Sarah Palin’s email hacker convicted. The following account is from WBIR in Knoxville, TN. Ira has his own detailed version, as he kept close track of the initial events that led to David Kernell’s arrest. Ira’s account starts about 45 minutes into episode 133
A federal jury found former UT student David Kernell guilty of obstruction of justice and unauthorized access in the breach of Sarah Palin’s e-mail. It happened in September 2008, when Palin was running for U.S. Vice President. The obstruction of justice conviction makes Kernell a felon. David Kernall tried to cover up his actions by erasing the hard drive of the computer he used in the crimes. The case is a mistrial on count one, the charge of identity theft. The jury found Kernell not guilty on count 2, the charge of wire fraud. Unauthorized access is a misdemeanor lesser included charge from count three, which accused Kernell of felony unlawful computer access. The jury found Kernell guilty of obstruction of justice. That carries a maximum sentence of 20 years in prison, with a fine up to $250,000.

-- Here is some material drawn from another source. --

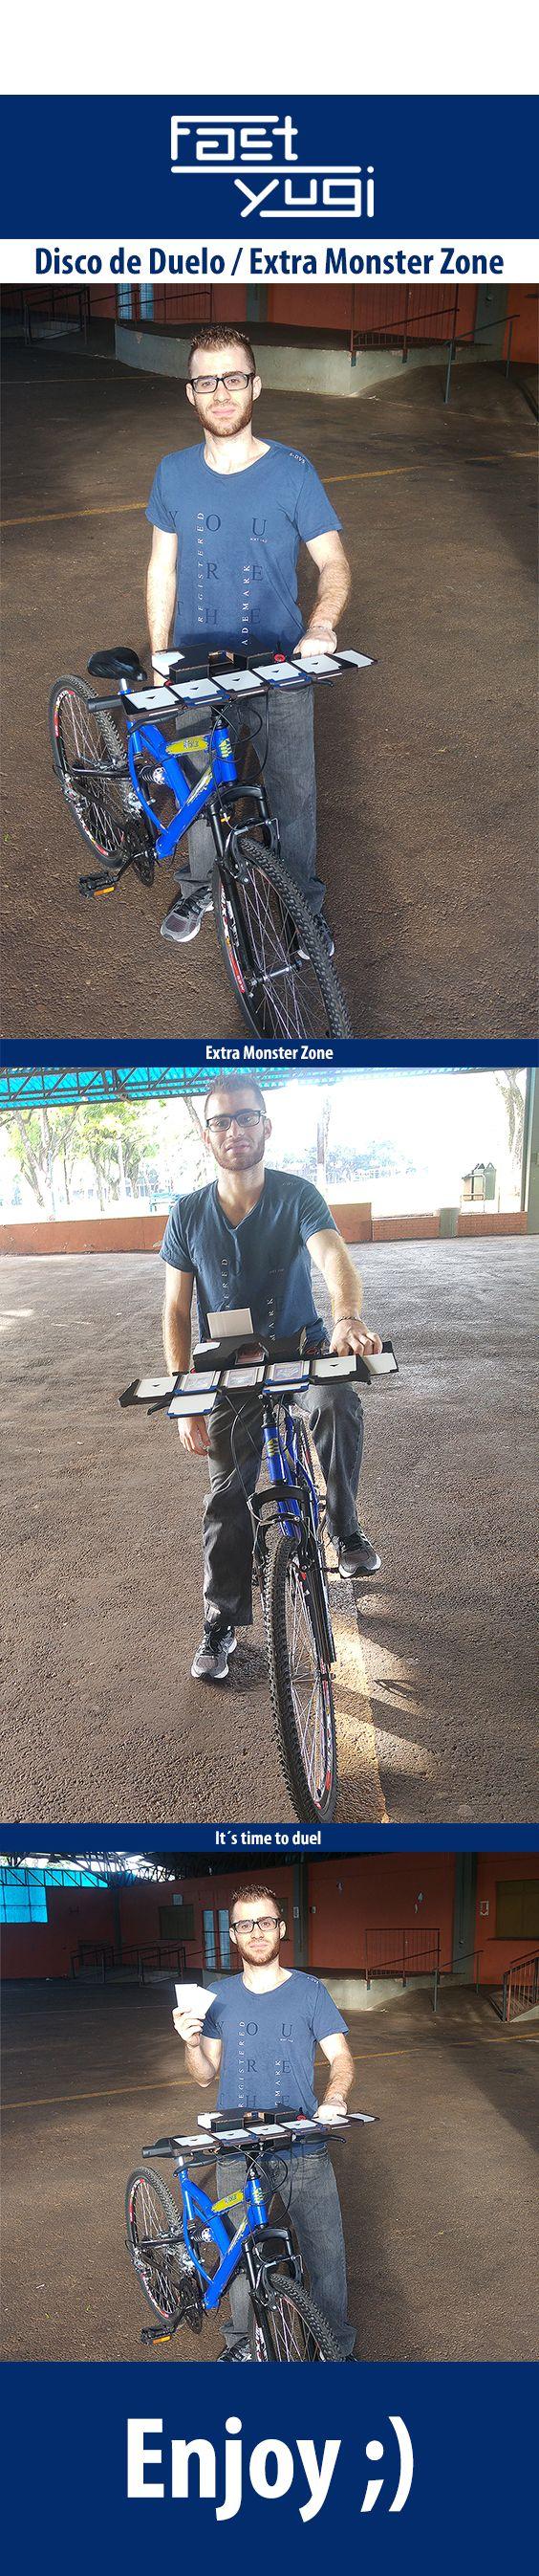 Duel Disk in the Bike  MDF 3 mm -   Download:  https://drive.google.com/file/d/1E-FSXhWpwAAGLSY-ZK6gvDCZyxpN1jCR/view
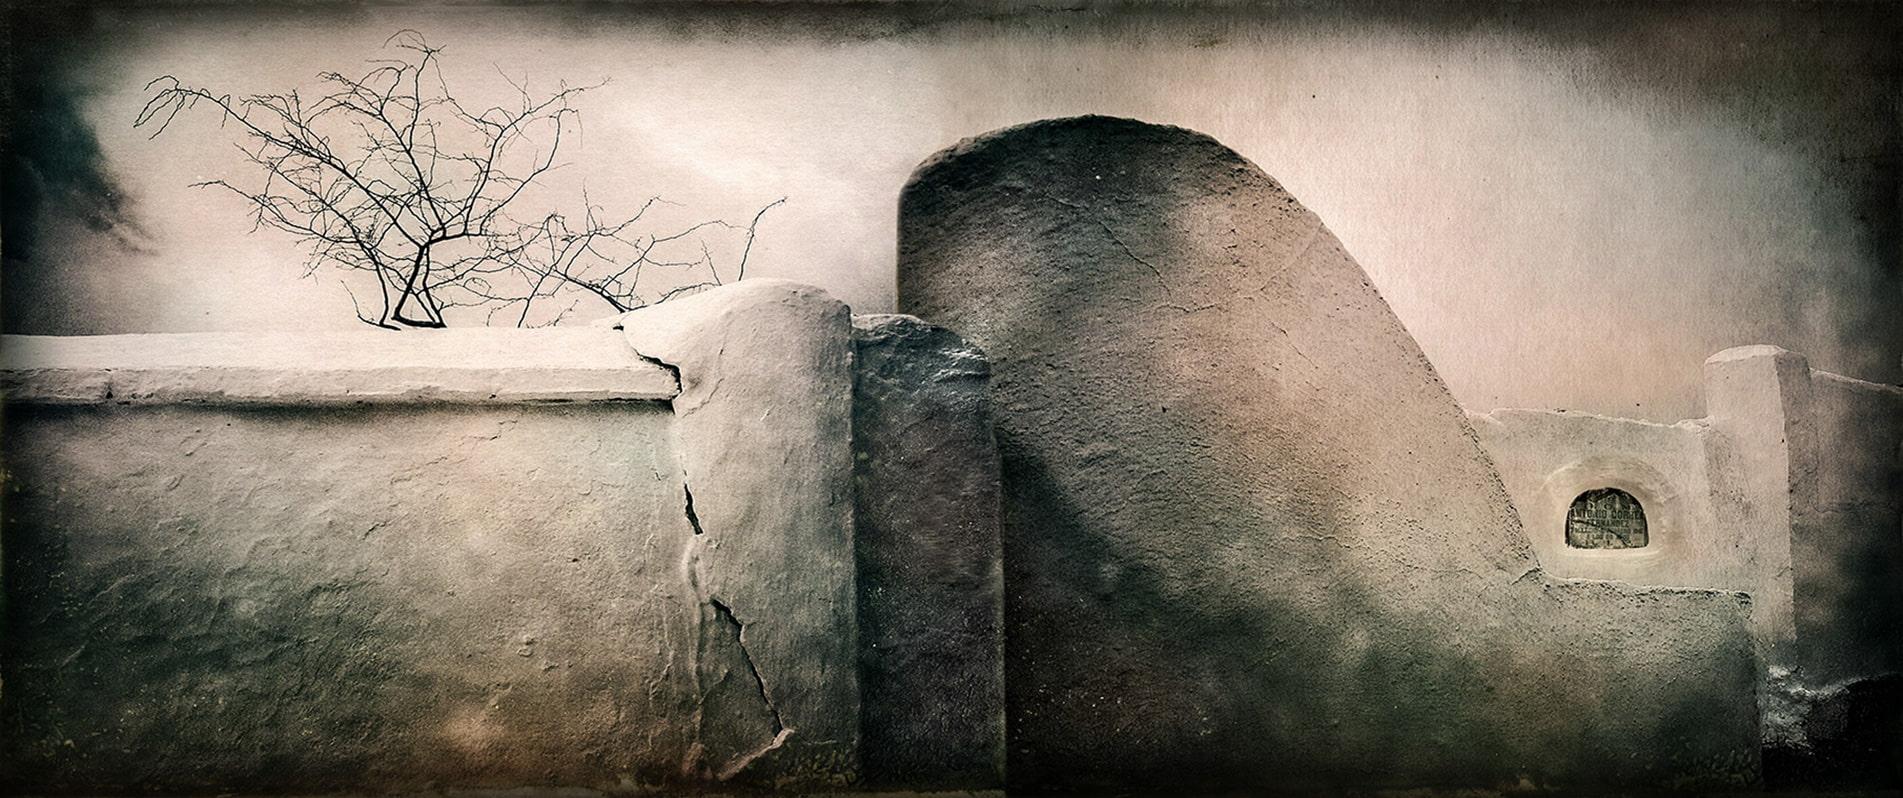 oblivion-torres-tabanera-1903x798

Hot Topics at Interop 2010 Las Vegas: Cloud Computing, Virtualization, IT Security and Risk Management, VoIP and Unified Communications, Mobile Business Communications. Ira discusses the conference, starting about 11 minutes into episode 133.
Ira spoke with Michael Saitow, CIO of Liquor Distributor, MS Walker; and Philippe Winthrop, Managing Director, The Enterprise Mobility Foundation, both were panelist on a mobile communications and policy seminar at Interop.
Money laundering operation shut down, as an entrepreneur is indicted: ACH Transactions Used to move money for internet gambling operations
Another indictment: conspirator in hospital scheme to sell trauma patient medical records to personal injury attorneys.